Painting by Modesto Faustini (1850s).

The Sack of Brescia took place on 18 February 1512, during the War of the League of Cambrai. It resulted in the massacre of the entire garrison and thousands of civilians.

==History==
The city of Brescia had rebelled against French rule and was subsequently garrisoned by Venetian troops. Gaston of Foix, Duke of Nemours, recently arrived with the French armies in Italy, ordered the city to surrender; when it refused, they attacked.

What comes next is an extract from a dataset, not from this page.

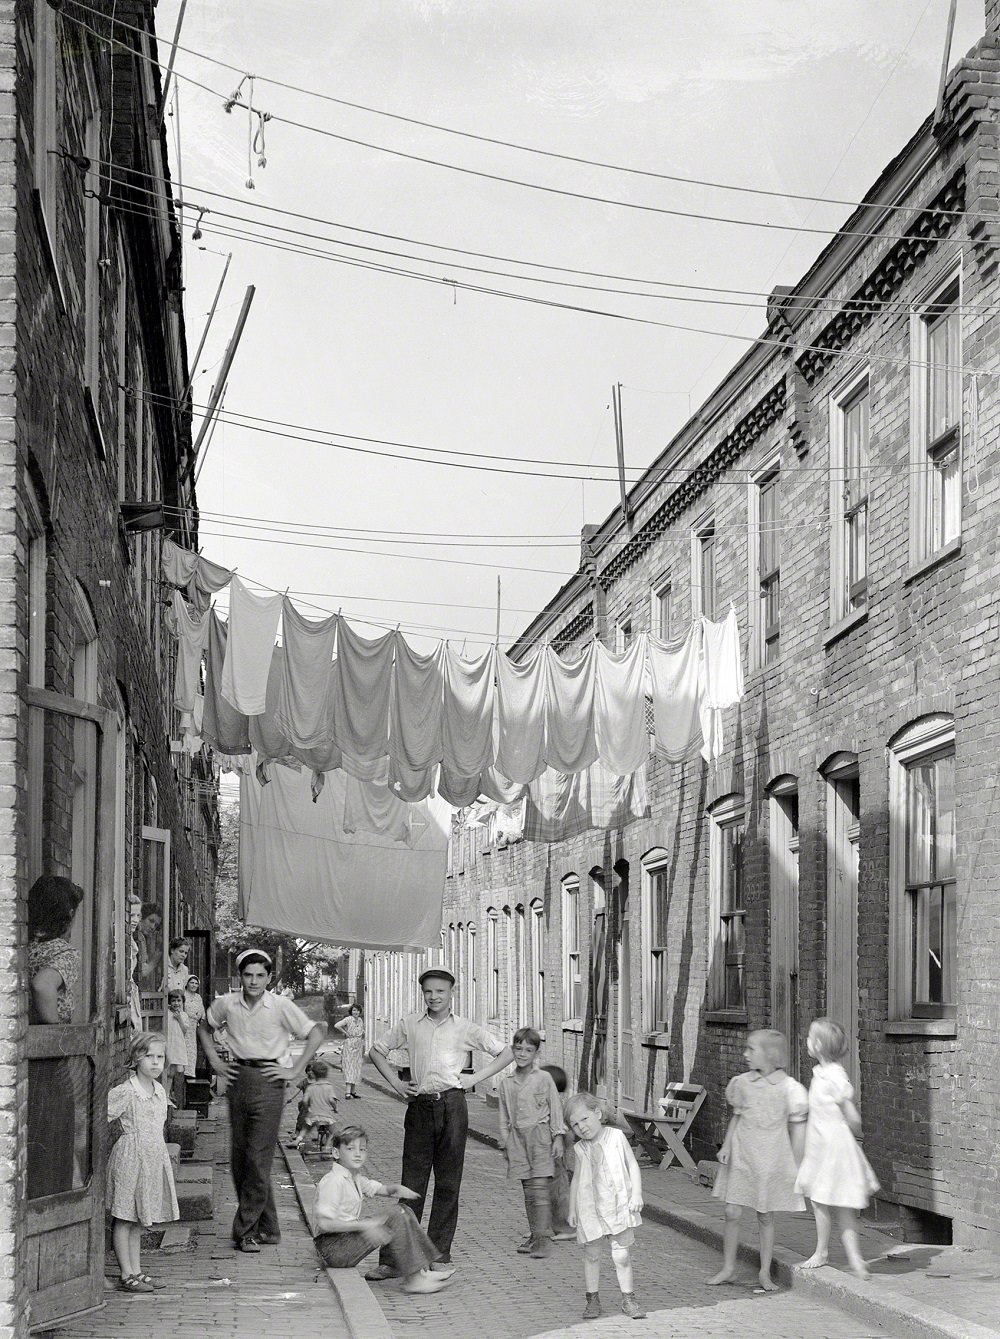 Housing conditions in Ambridge, Pennsylvania, July 1938

The French attack took place in torrential rain on a muddy field. Gaston ordered his men to remove their shoes for a better grip. The defenders inflicted heavy casualties on the French, but the French entered the city anyhow.

Gascon infantry and Landsknechts proceeded to sack the city, massacring thousands of civilians over the next five days. The French soldiers even disregarded places of worship, massacring both the clergy and the civilian population who had sought refuge there.

Two of the survivors were the young Nicolo Tartaglia, who was wounded in the throat and left with a speech impediment, and the painter Floriano Ferramola, who was saved by Gaston of Foix personally, on the condition that he made a painting of him.

The Venetian commander and future Doge Andrea Gritti was also spared and imprisoned in the Sforza Castle in Milan, until November 1512, when an alliance between France and Venice was formed.

To avoid a similar fate, the city of Bergamo paid the French approximately 60,000 ducats.

Brescia remained under French control until its return to the Republic of Venice in 1520.

==Sources==
- Norwich, John Julius (2004). "Historia de Venecia"
- Baumgartner, Frederic J. (1994). "Louis XII"
- Muratori, Ludovico Antonio. "Annali d'Italia"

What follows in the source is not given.